** Material for the task **
== Segment start ==

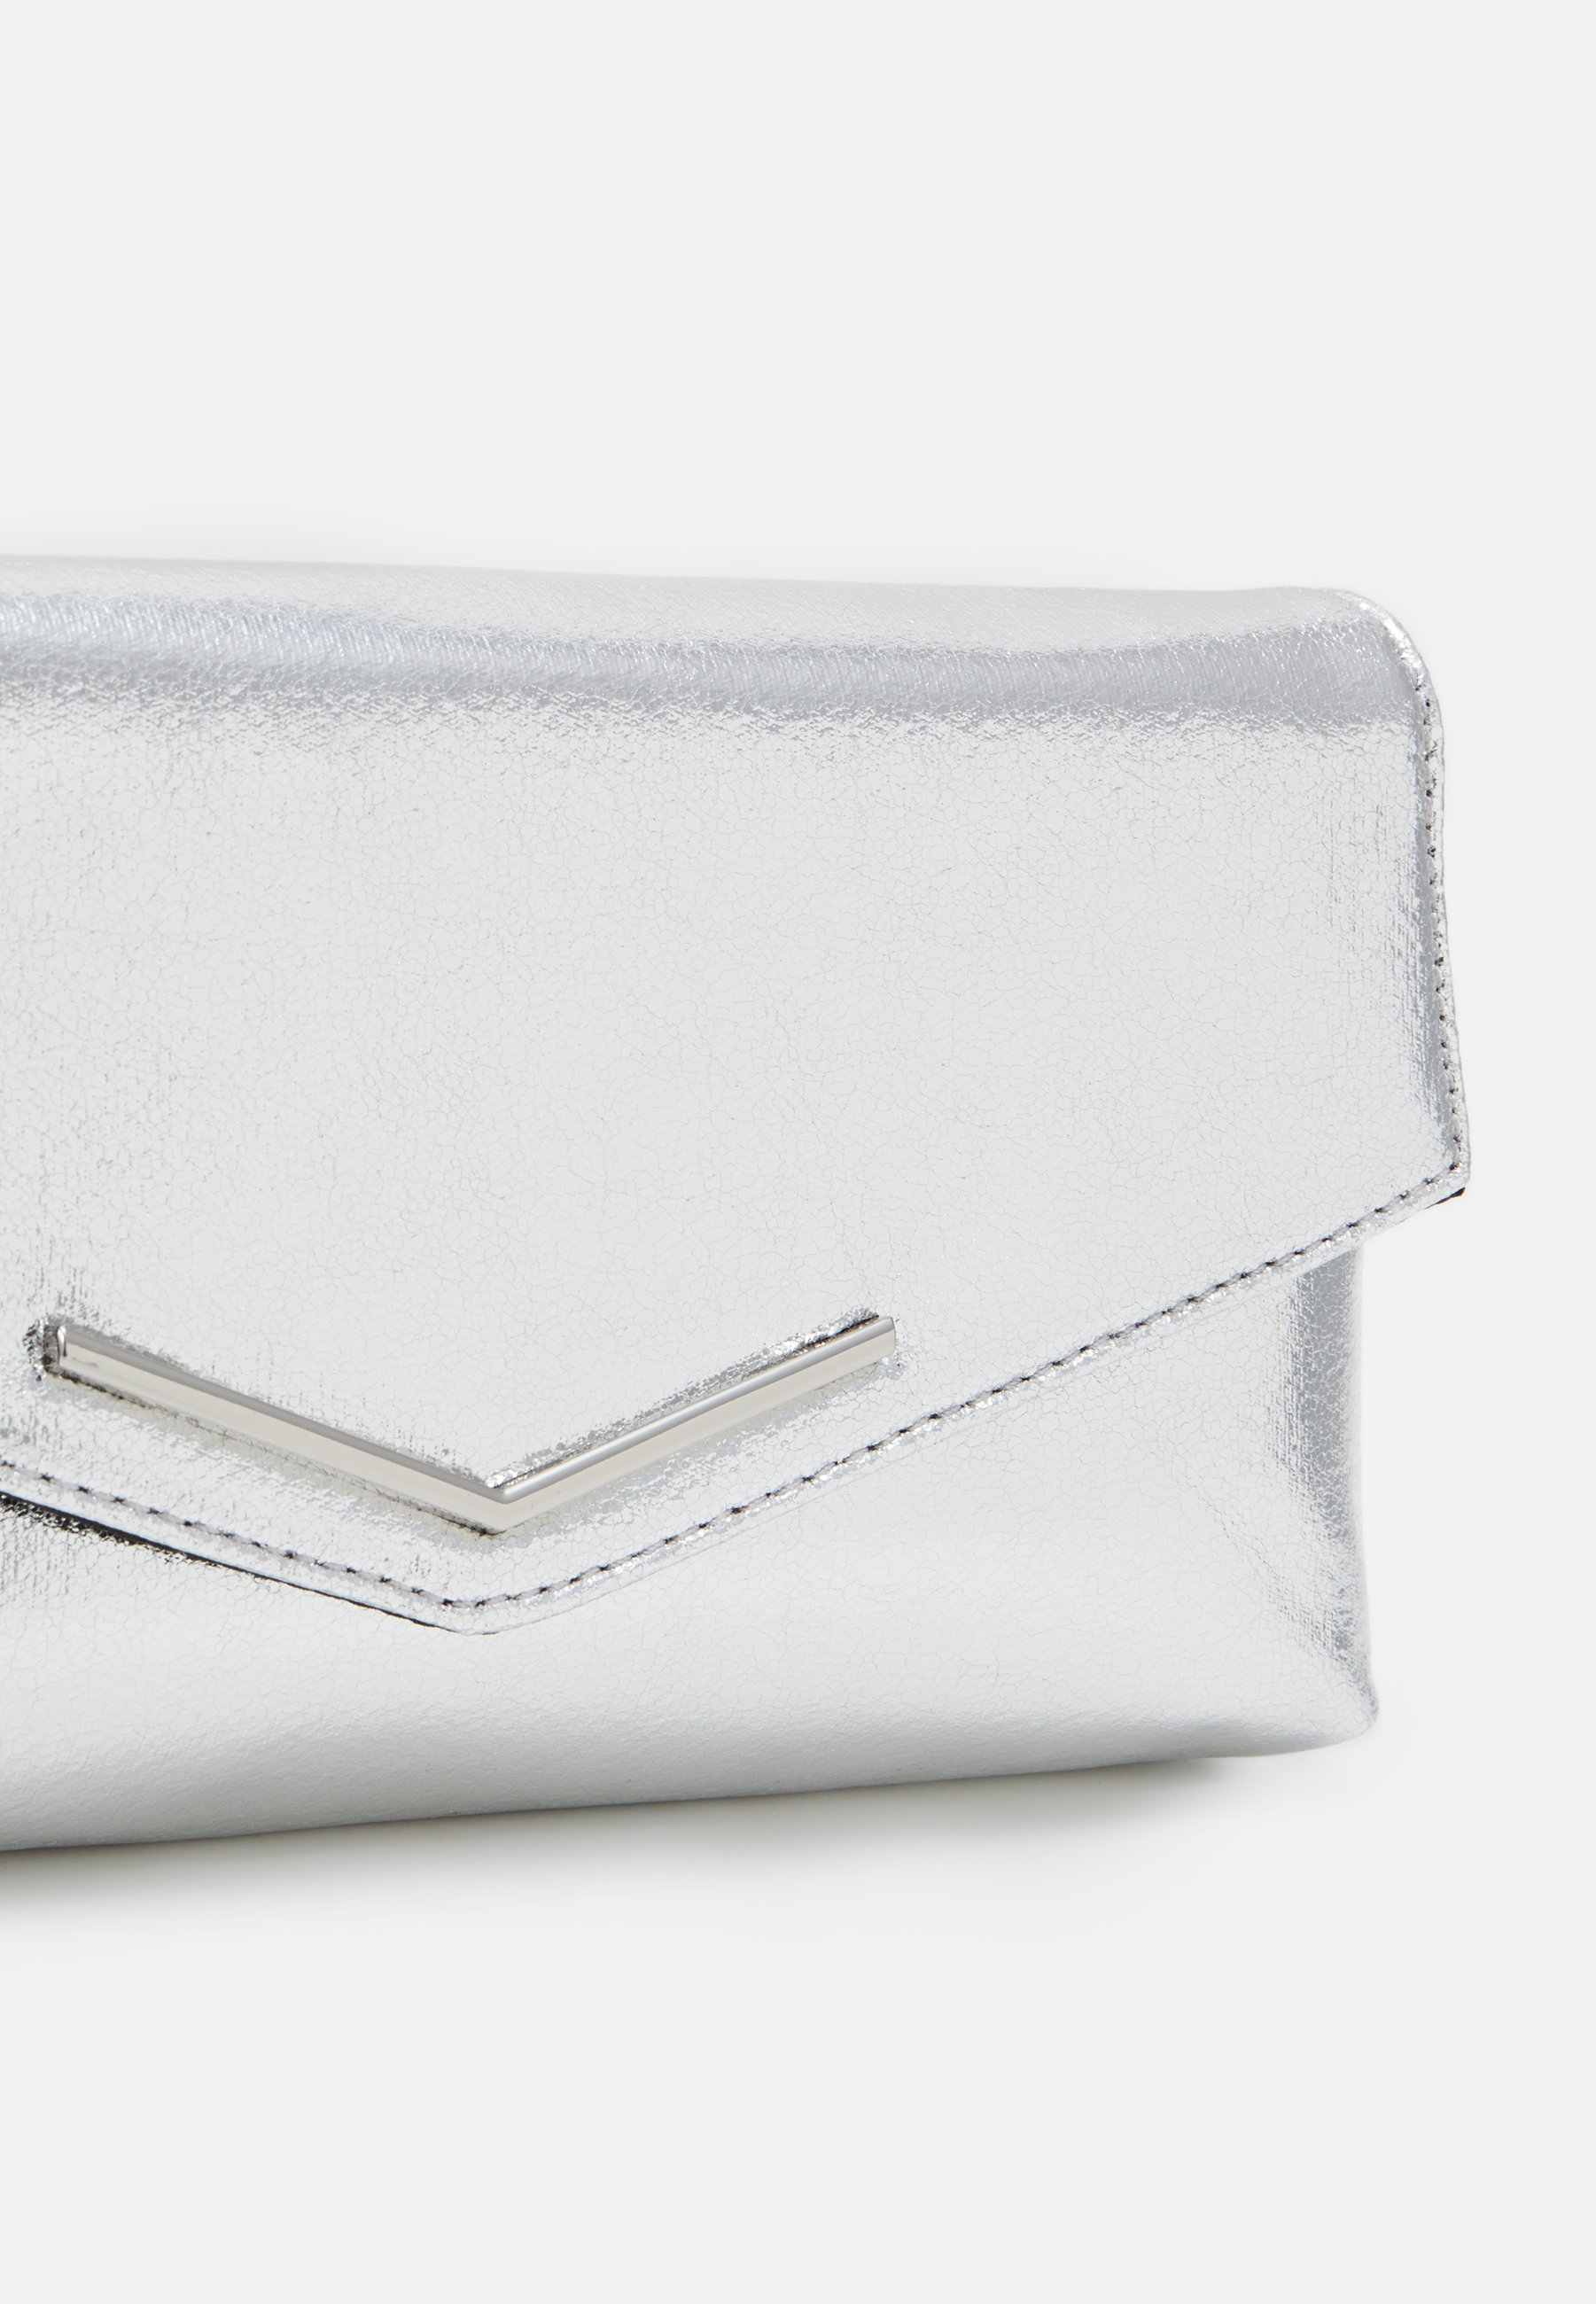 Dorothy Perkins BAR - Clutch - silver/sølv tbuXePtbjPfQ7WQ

== Segment end ==
== Segment start ==

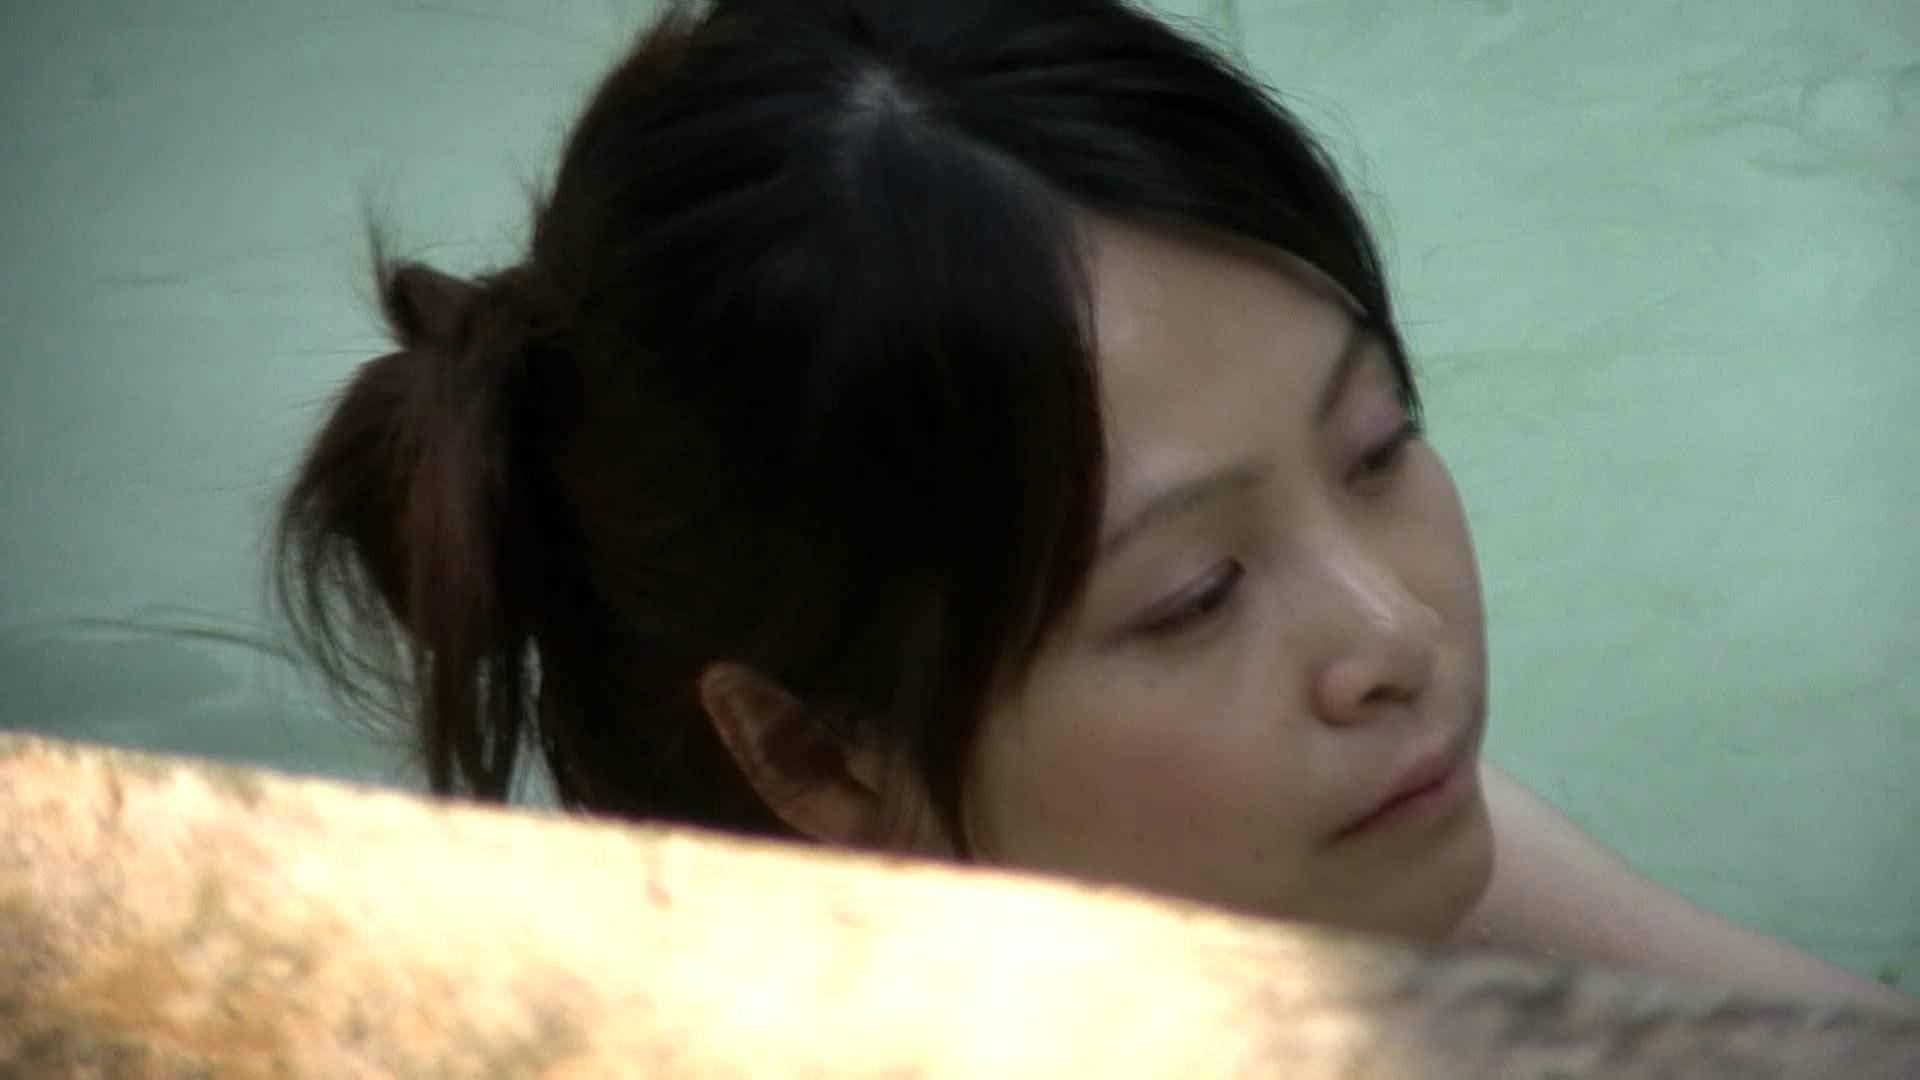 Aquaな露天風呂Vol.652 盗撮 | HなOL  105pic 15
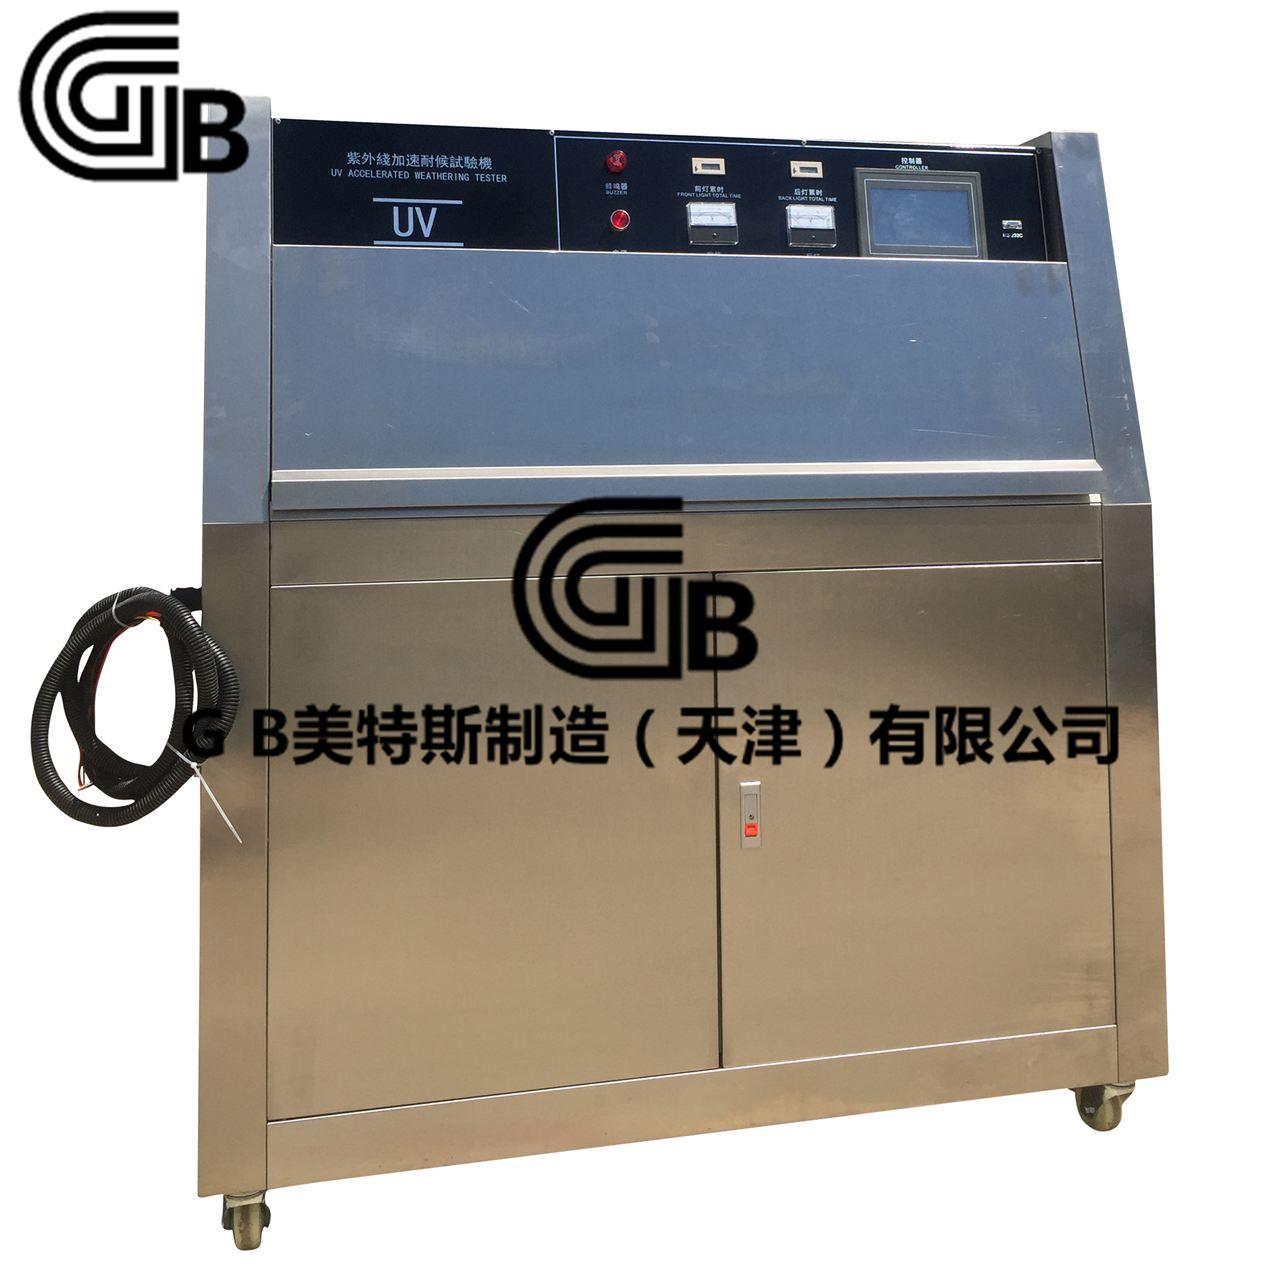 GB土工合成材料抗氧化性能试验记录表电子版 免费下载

== Segment end ==
== Segment start ==

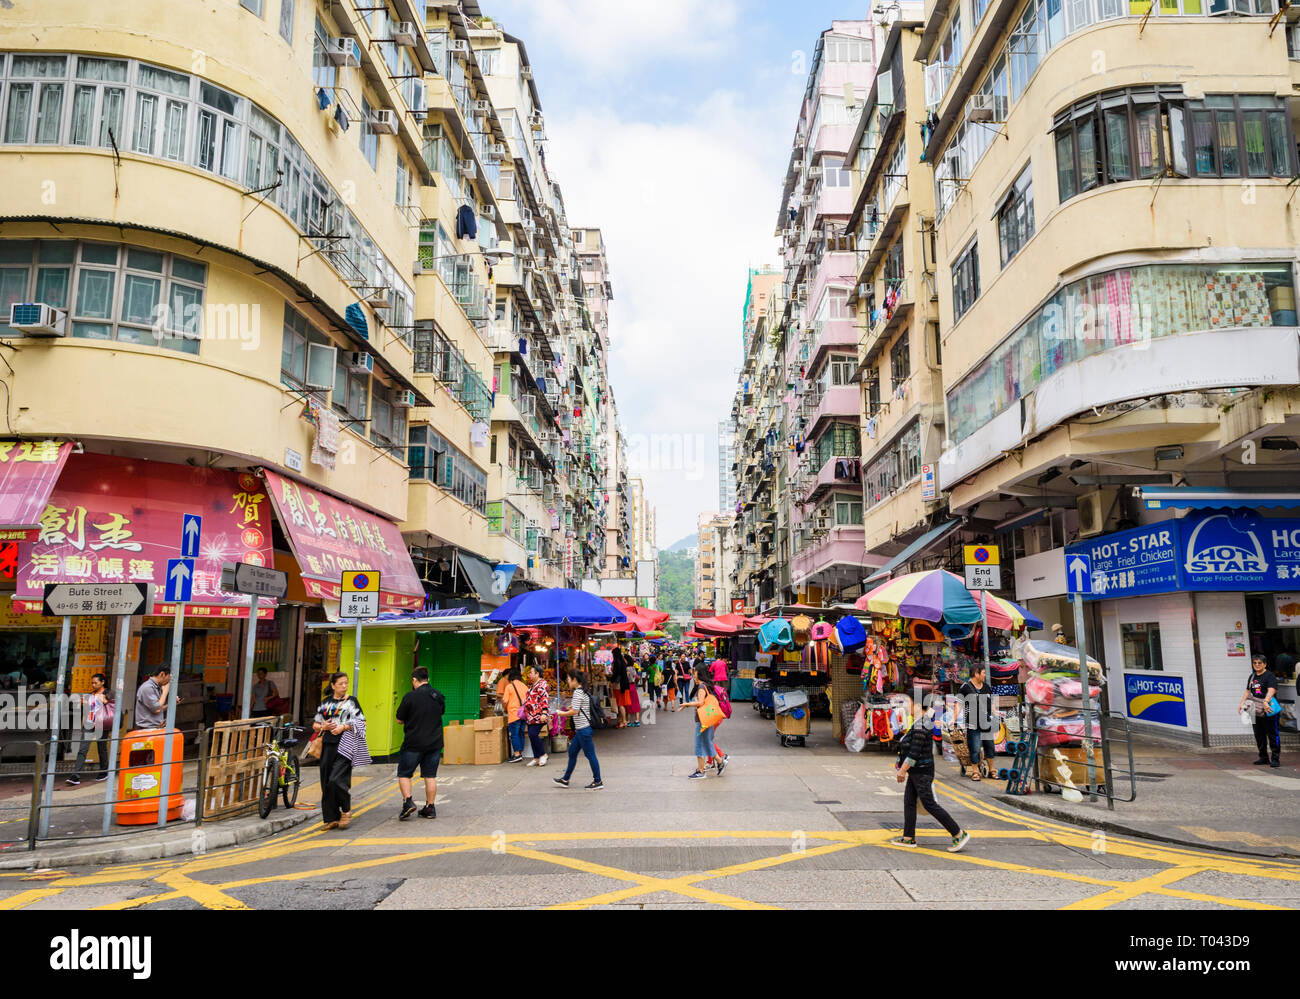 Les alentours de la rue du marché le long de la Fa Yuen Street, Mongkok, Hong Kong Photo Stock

== Segment end ==

** Task item **
Both the line containing "Aquaな露天風呂Vol.652 盗撮 |" and the line containing "GB土工合成材料抗氧化性能试验记录表电子版 免费下载" above belong in the output, as do the lines between them. Print them exactly, without pictures.

** Task output **
 Aquaな露天風呂Vol.652 盗撮 | HなOL  105pic 15
 GB土工合成材料抗氧化性能试验记录表电子版 免费下载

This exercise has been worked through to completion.